Data extract -
↓

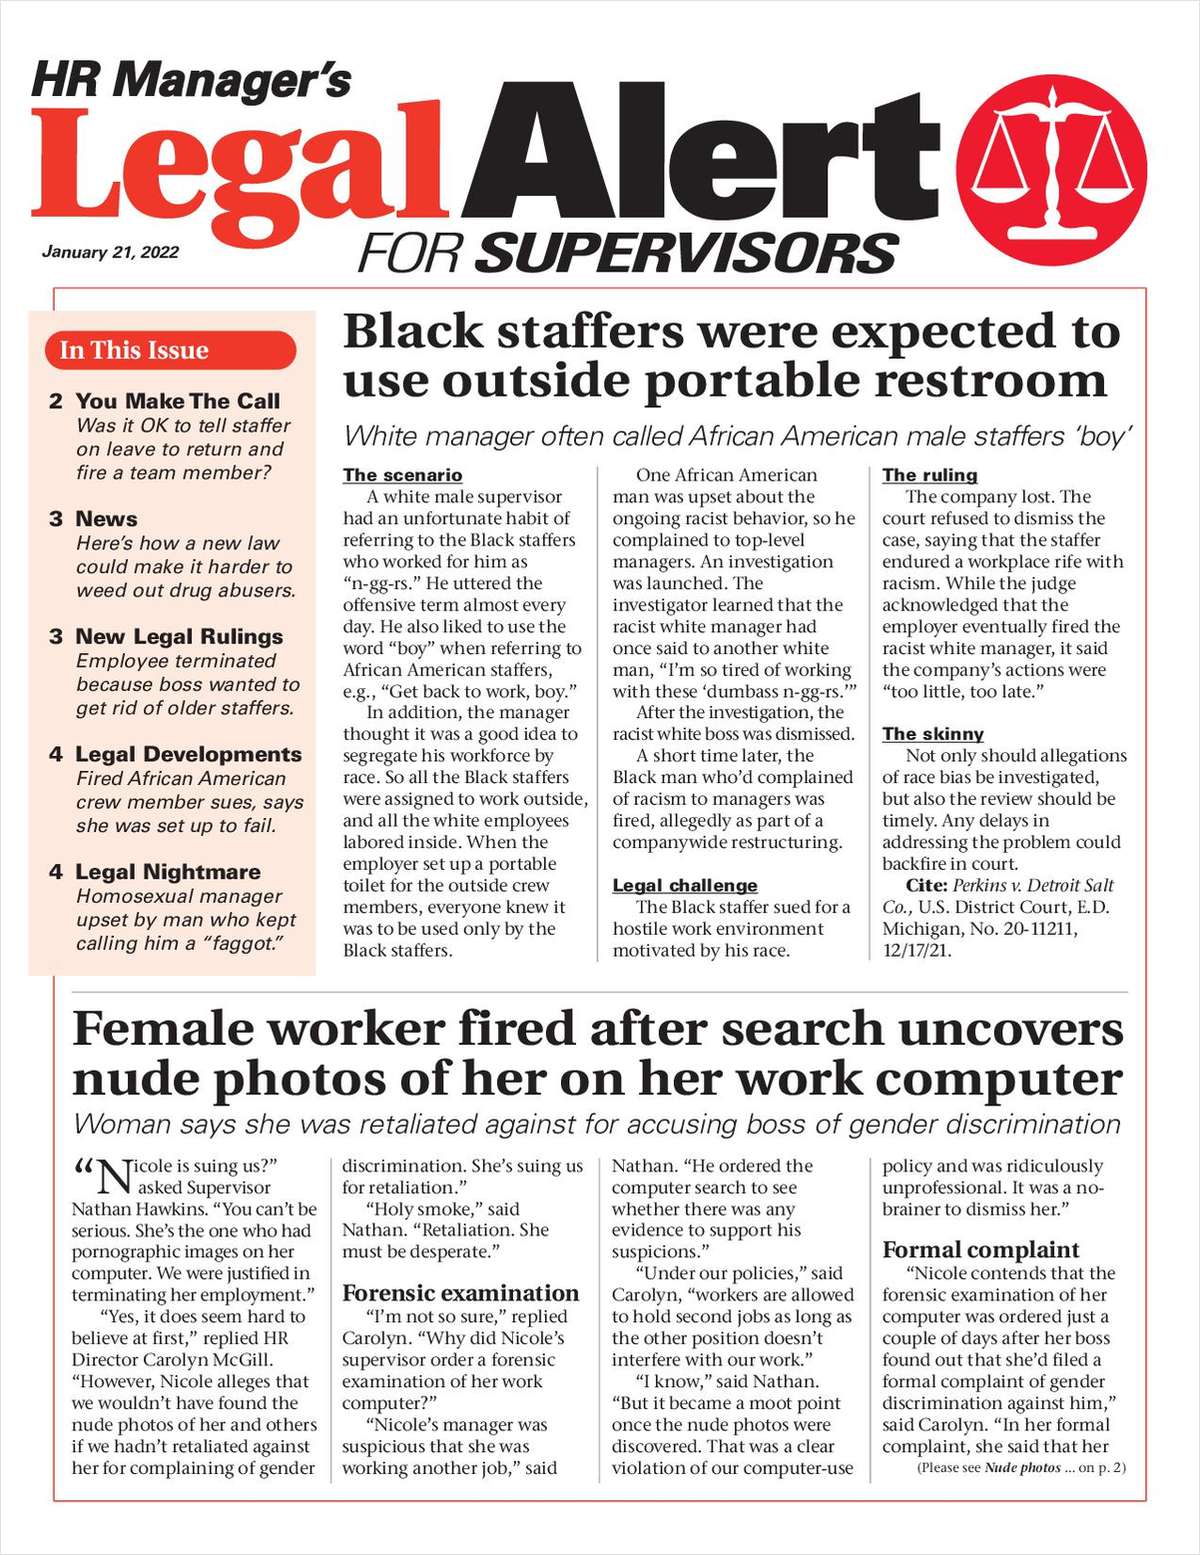 HR Manager's Legal Alert for Supervisors Newsletter: January 21 Edition
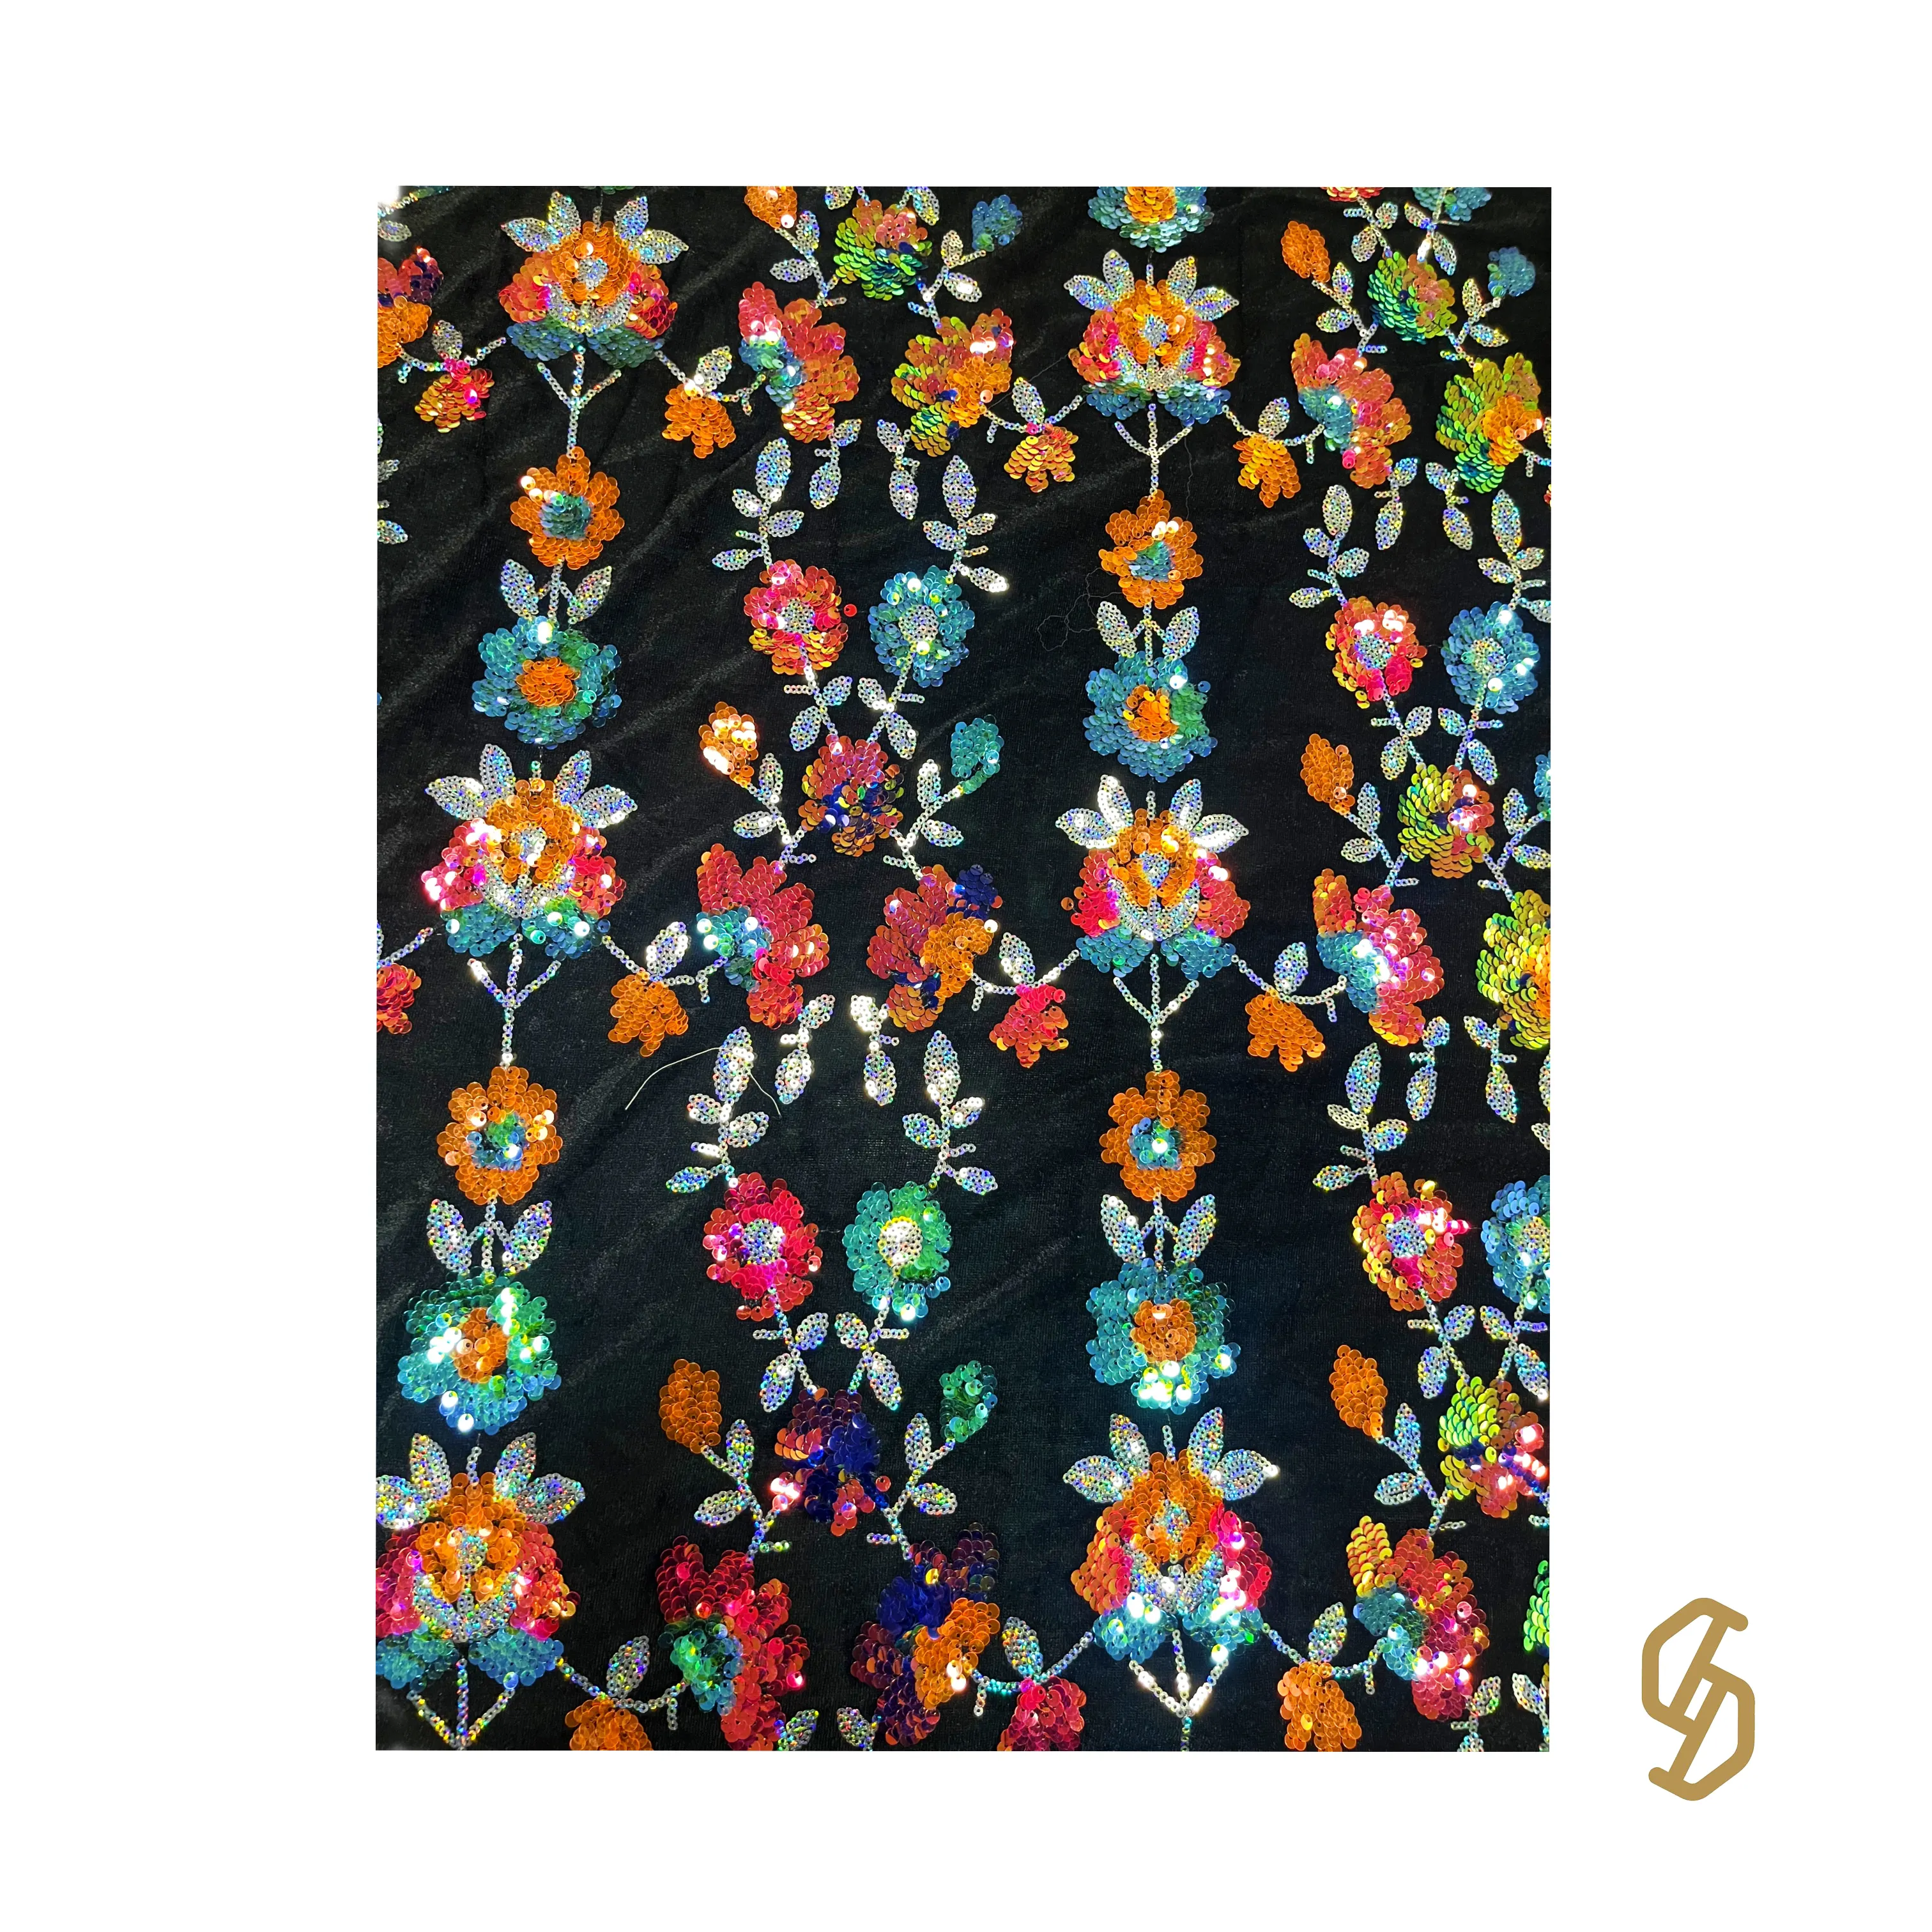 Diseño de patrón de flores coloridas tela de terciopelo de lentejuelas personalizada suave aspecto brillante y sensación tela bordado de lentejuelas
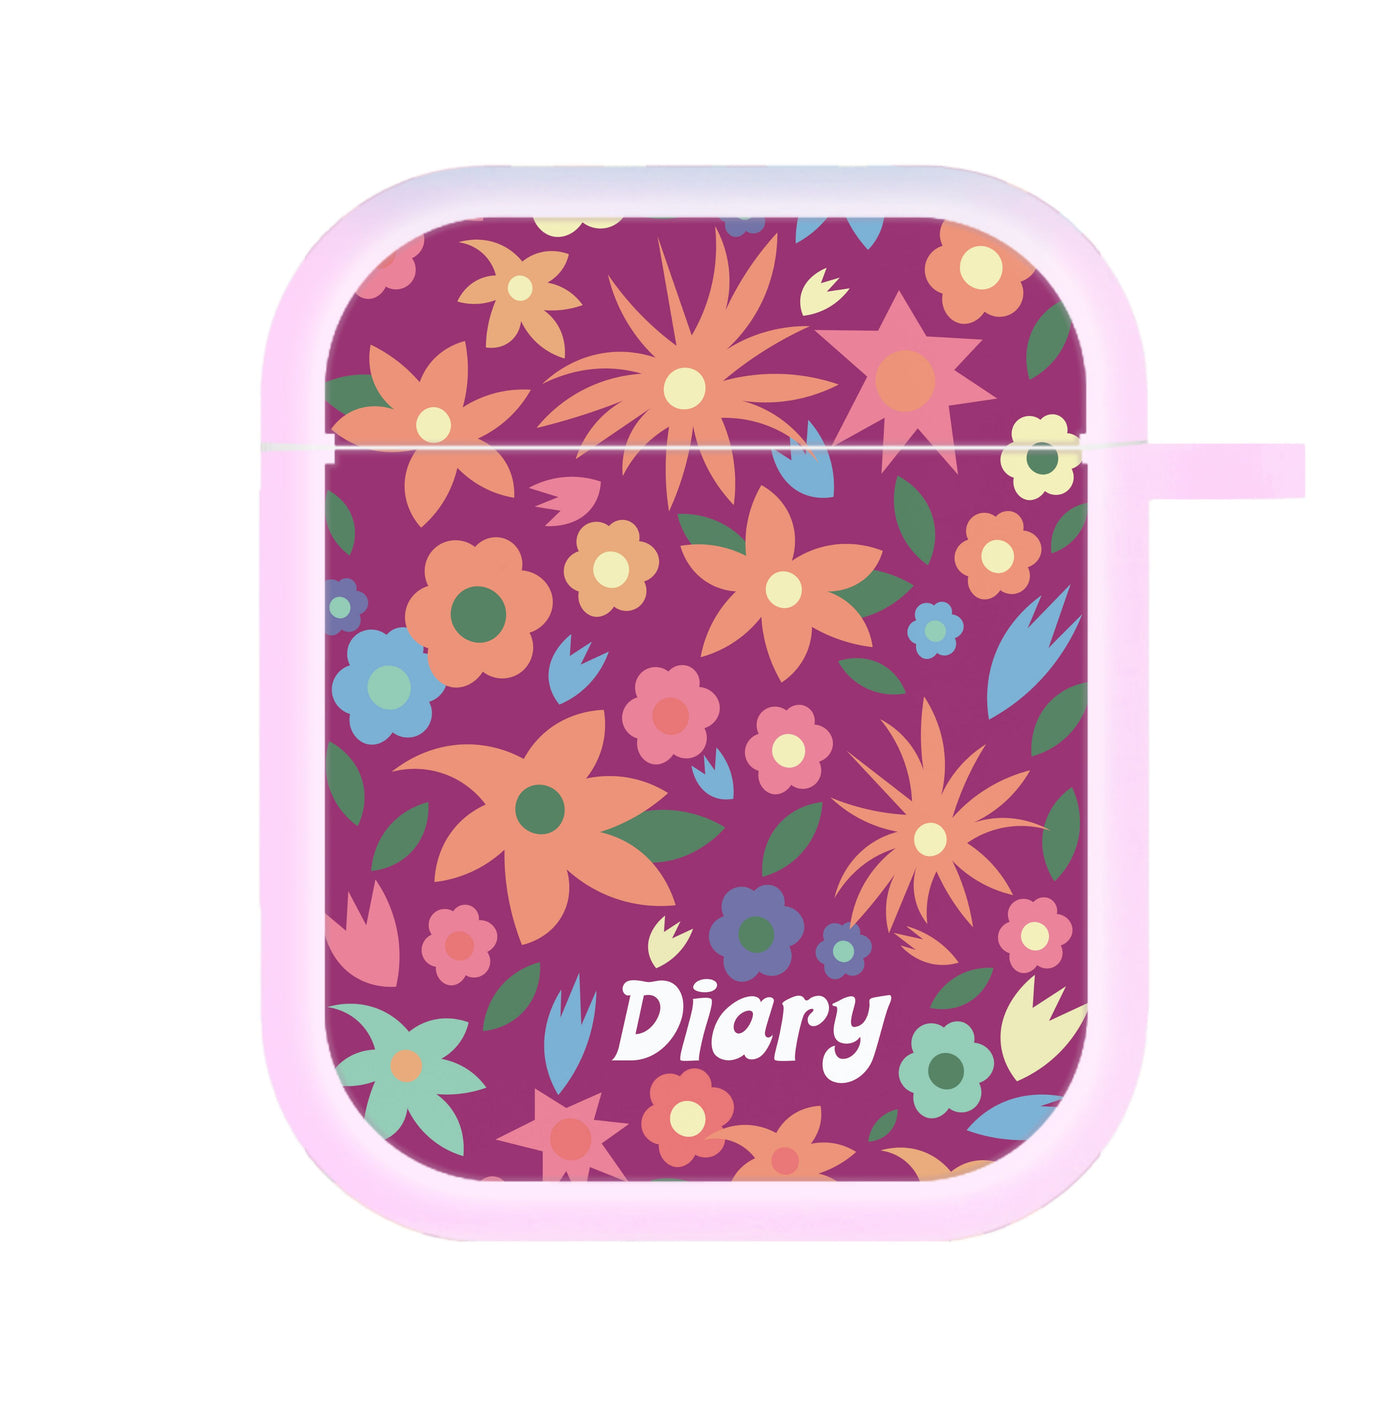 Diary - Mamma Mia AirPods Case

↑

Required work -
Could you print the whole listing again, exactly, leaving the pictures out?

Response -
 HR Manager's Legal Alert for Supervisors Newsletter: January 21 Edition
 Diseño de patrón de flores coloridas tela de terciopelo de lentejuelas personalizada suave aspecto brillante y sensación tela bordado de lentejuelas
 Diary - Mamma Mia AirPods Case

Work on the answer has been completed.